Ich weine. Wo ist Werner? Weshalb ist er nicht hier bei mir? Was - ich vermisse ihn. Ich, er, mein Leben hat sich so verändert. Die Zukunft war nie ganz klar - aber immer war Werner in meinen Gedanken an meiner Seite - oder, ja, oder vielleicht auch mal noch Richard. Aber jetzt, jetzt stehe ich alleine da, weine, halte mein Kind an der Hand, schaue in die Welt hinaus. Die Glockenschläge werden mehr, wieder eine Stunde vorbei. Wieder eine Stunde gewartet. Weshalb nur?

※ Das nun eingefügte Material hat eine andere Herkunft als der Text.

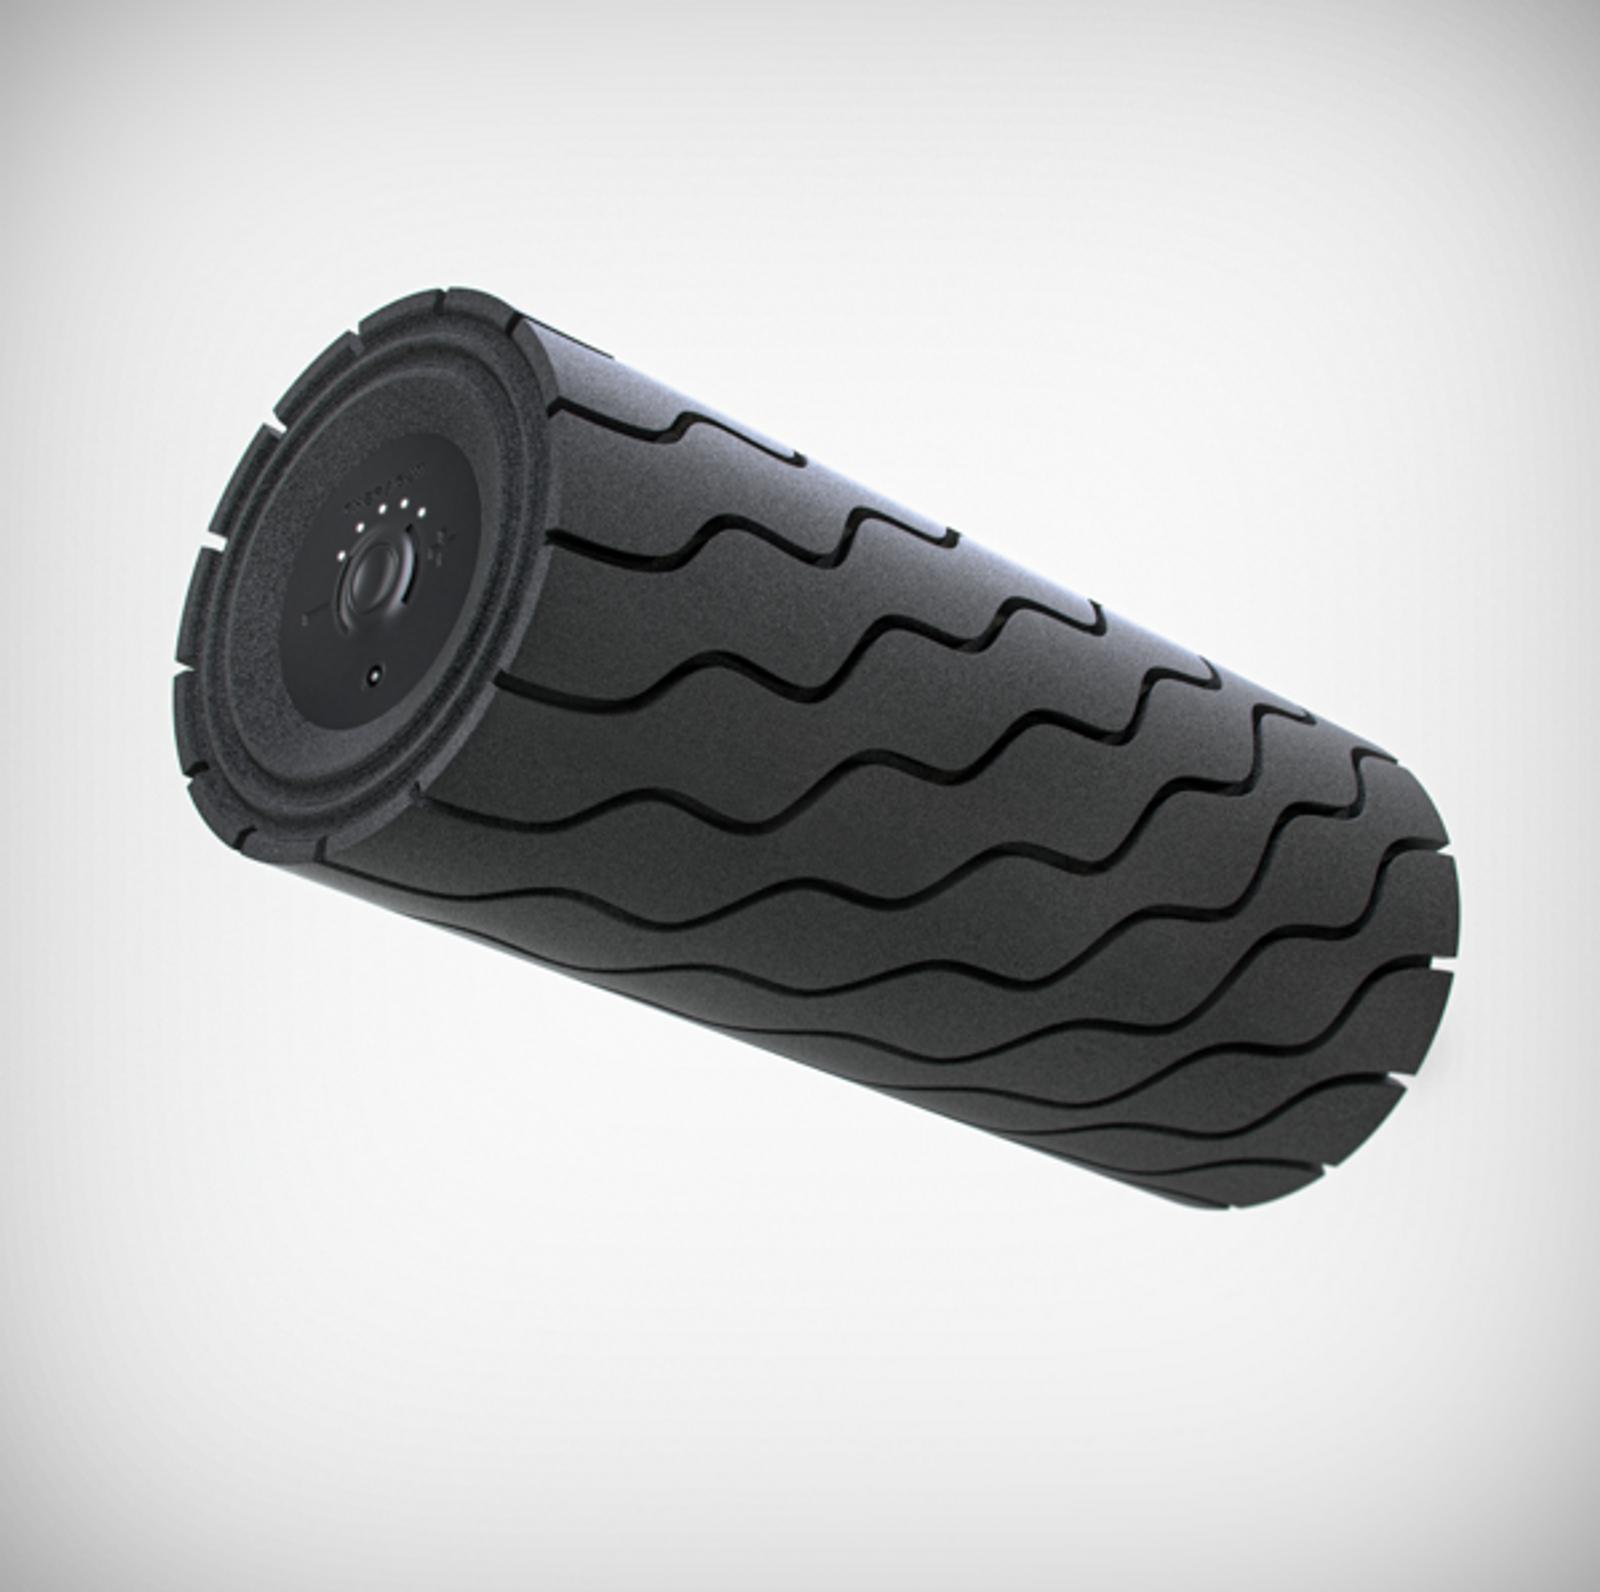 Theragun 12-inch Wave Roller

So viele Fragen, so keine Antworten. Ich hasse den Moment, ich hasse das reissen. Kopfschmerzen, Übelkeit - aber Minzegeschmack im Mund. Seltsam. Es passt gar nichts mehr. Wie wenn man die Teile aus verschiedenen Puzzles zusammenwirft.

Und dann Werner wegnimmt, und Richard - und dich

Ich bin ein Puzzleteil - aber keiner passt mehr zu mir.

Scheisse - ich - was schreib ich da nur. Ichsollte das löschen. Mist - wirklich? Maya? Ich sollte mich zusammenreissen. Ach- was? Ich weine. Immer noch. Tränenschleier. Will einfach absenden, nicht mehrlesen. Antworte mir!